I stayed at the Forest Hill Inn in Hazelton, PA to celebrate Wayne's oldest son, Alexander's graduation from High School!
For a very long time, I have been connected to Hazelton, PA, once by skydiving, forever by my step-brother's daughter, and now forever again, by Wayne's oldest boys. This place reminds me of the feeling I had as a teen when I was anywhere where there seemed to be little to do, everything of interest was miles and miles away and the only thing to do was to get in trouble. Eventually I found connectivity in the Drama Club in my hometown which saved me from the nowhere trap.
Even now when I come here, to Hazelton, I feel the distance, the lack of culture, the oppression, the feeling of a place where coal mining once was the culture that lured people here for work and the hope of any kind of life. Hazelton reminds me of my hometown, Brockton, MA. In Brockton it is the leftover community of a shoe industry that has long since failed, though we do have Marvin Haggler and Rocky Marciano as our famous boxers to brag about. It is a tough town and it doesn't surprise me that we raised and produced famous boxers from our culture or lack of it.
The other thing that dawned on me was that I had been to a football game there in Hazelton and there was a huge sense of community at the games, with the band playing, and the half-time game and all the people who came out to support the game! There were hundreds and hundreds present there at that game I saw and also hundreds there to see their seniors graduate. So the nowhere feeling I experience may not be nowhere for others but somewhere dear and full of love and community. I also remember this from my hometown football games. Our High School was the culture of our community. We had over 5,000 students back in my time and because of the size we had a lot of funding. Our sport teams were out of this world and the Drama Department was 200 strong. There was money for good ball games and money for good plays and musicals.

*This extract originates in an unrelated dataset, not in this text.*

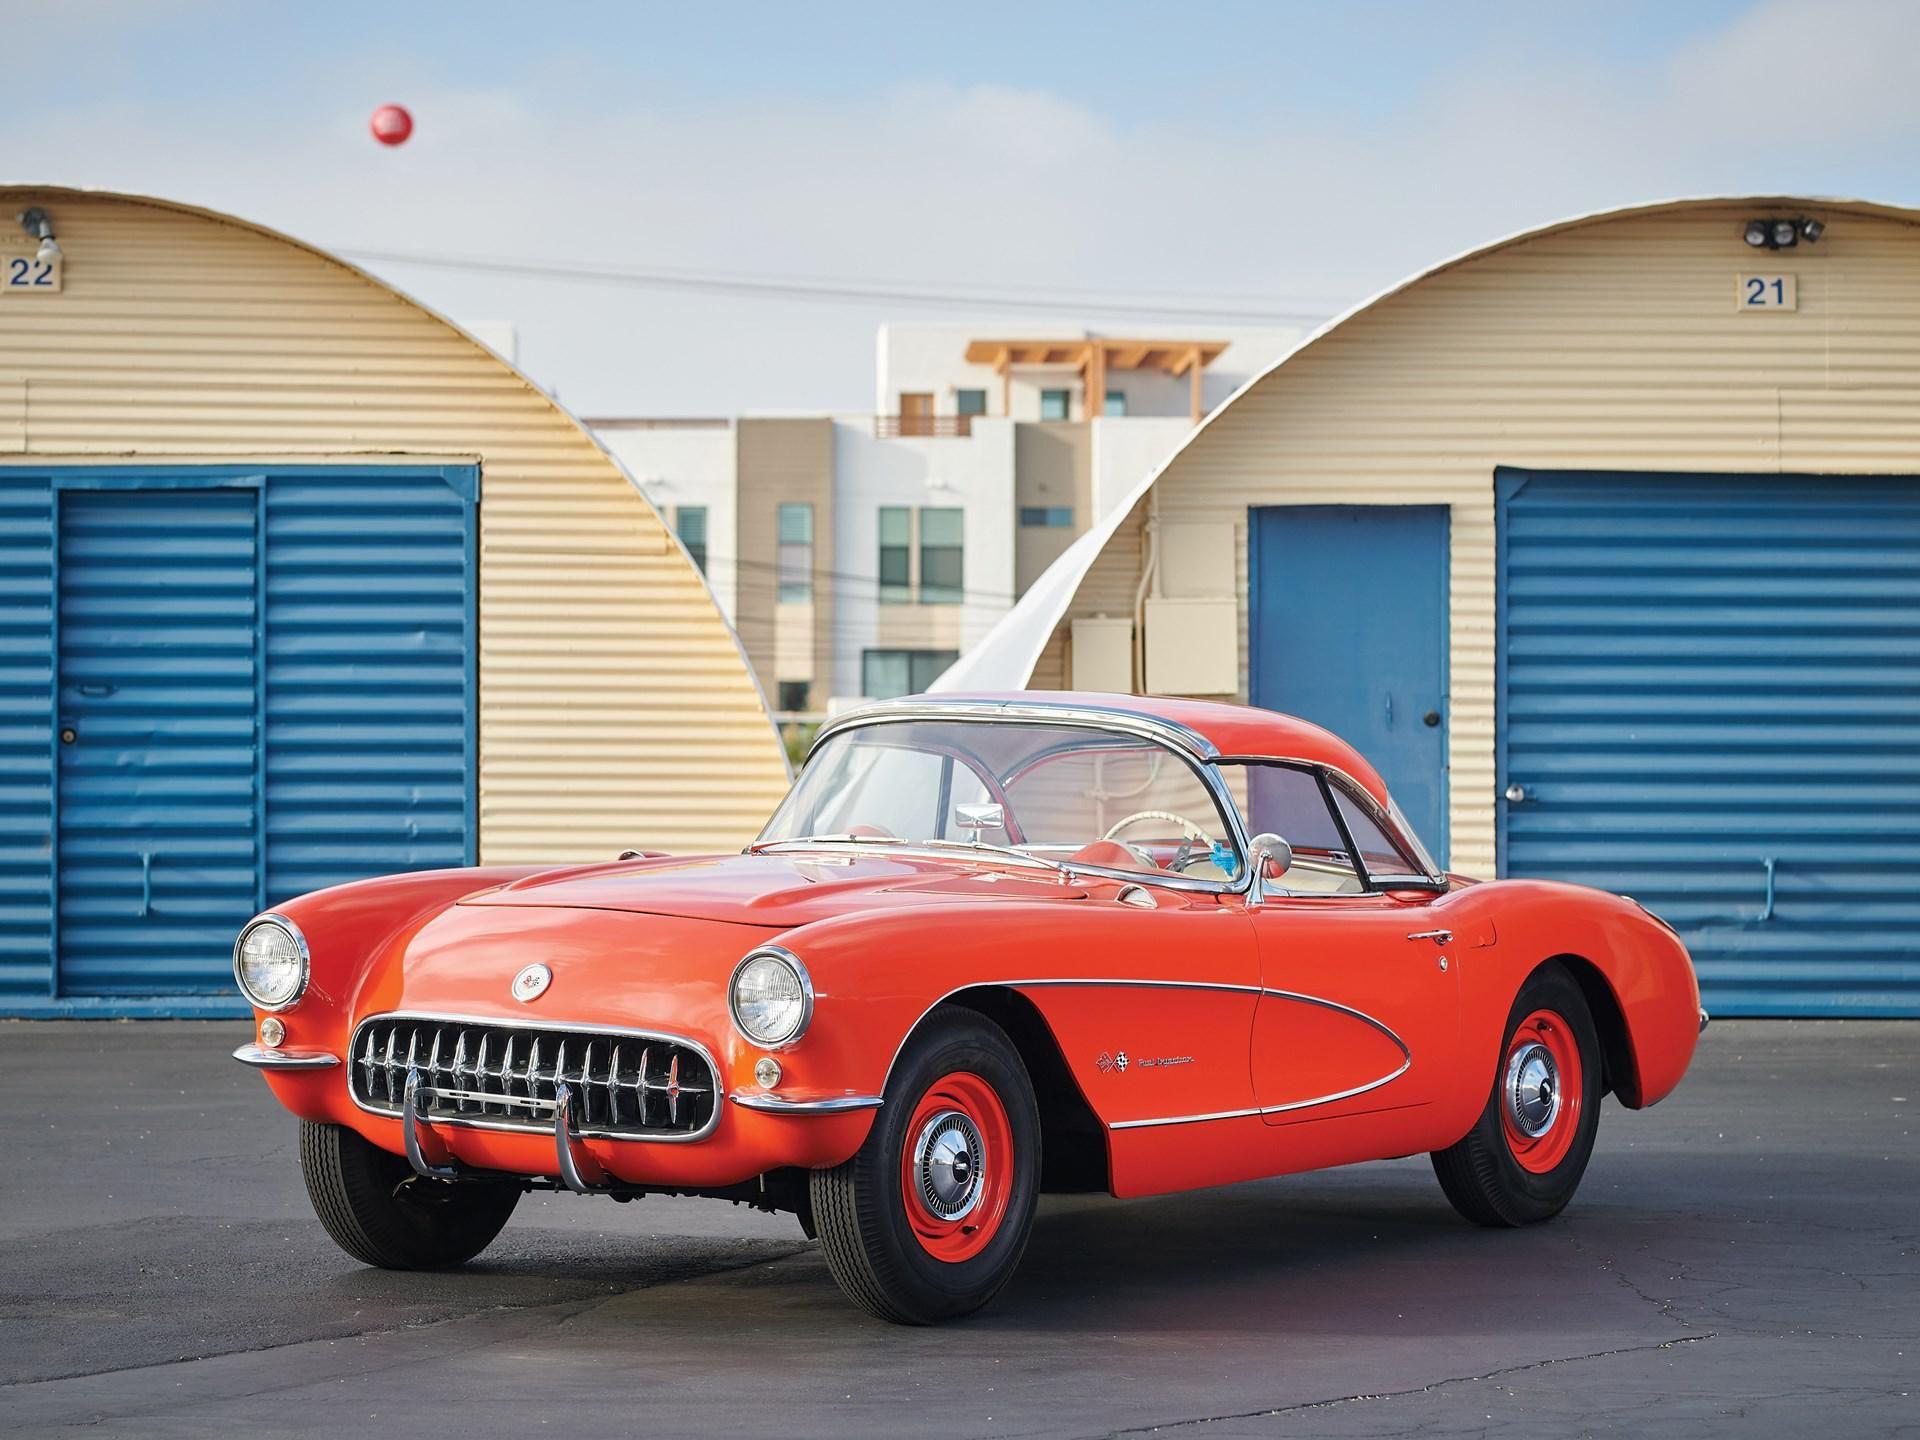 1957 Chevrolet Corvette 'Big Brake & Airbox'

For me there has always been a yearning to grow and move beyond 'here,' wherever here is, here being Hazelton, PA or Brockton, MA. I did that with my home town. As soon as I could leave, I did and I didn't really look back. I often feel that if I stay 'here' too long, then 'here' turns into nowhere and somewhere else would be better, anywhere else. The few times I did go back to my hometown, I felt that if I had to stay, I would be a failure somehow. I wonder why people stayed there even after college. I have moved 16 times since I was 22 years old, because I wanted to. Some of my favorite times have been when I had all of my stuff in a truck and was camping from place to place, never staying in a building.
When I stay in a hotel, such as the Forest Hill Inn, I start to look at the stained ceiling tiles, the nicked up tub, the unmoved lawn, and the dingy carpet, I feel a good sense of being away from my 'nowhere' with my own job and daily duties, my dishes, laundry, and countless things to do and I appreciate the simplicity of someone else's nowhere or perhaps 'elsewhere.' But I feel also the wear and tear of the nowhere place on someone else's life, hopes and dreams as I feel relief from my own nowhere. I wonder how they came to be attached to the place, and if they are happy there and what dreams of elsewhere they may have, if any. Do they feel the way I felt when I lived in Brockton? If so, do they want to move? Do they want to find some kind of new freedom? Or are they stuck somehow? Or are they happy there? Are they staying out of duty or contentedness?
One man's trash is another man's treasure. This is something I believe in, especially as someone who really only shops in second hand stores. I guess we can also say that one man's nowhere is another man's somewhere. My Dad loves his home in Brockton, MA and I know the boys love their friends and their community in Hazelton and that is where they feel connected. I feel that I seem to be creating a collection of nowhere's every where I live and that every now and again I have to rip the rug out from underneath my life, and set it all up again elsewhere.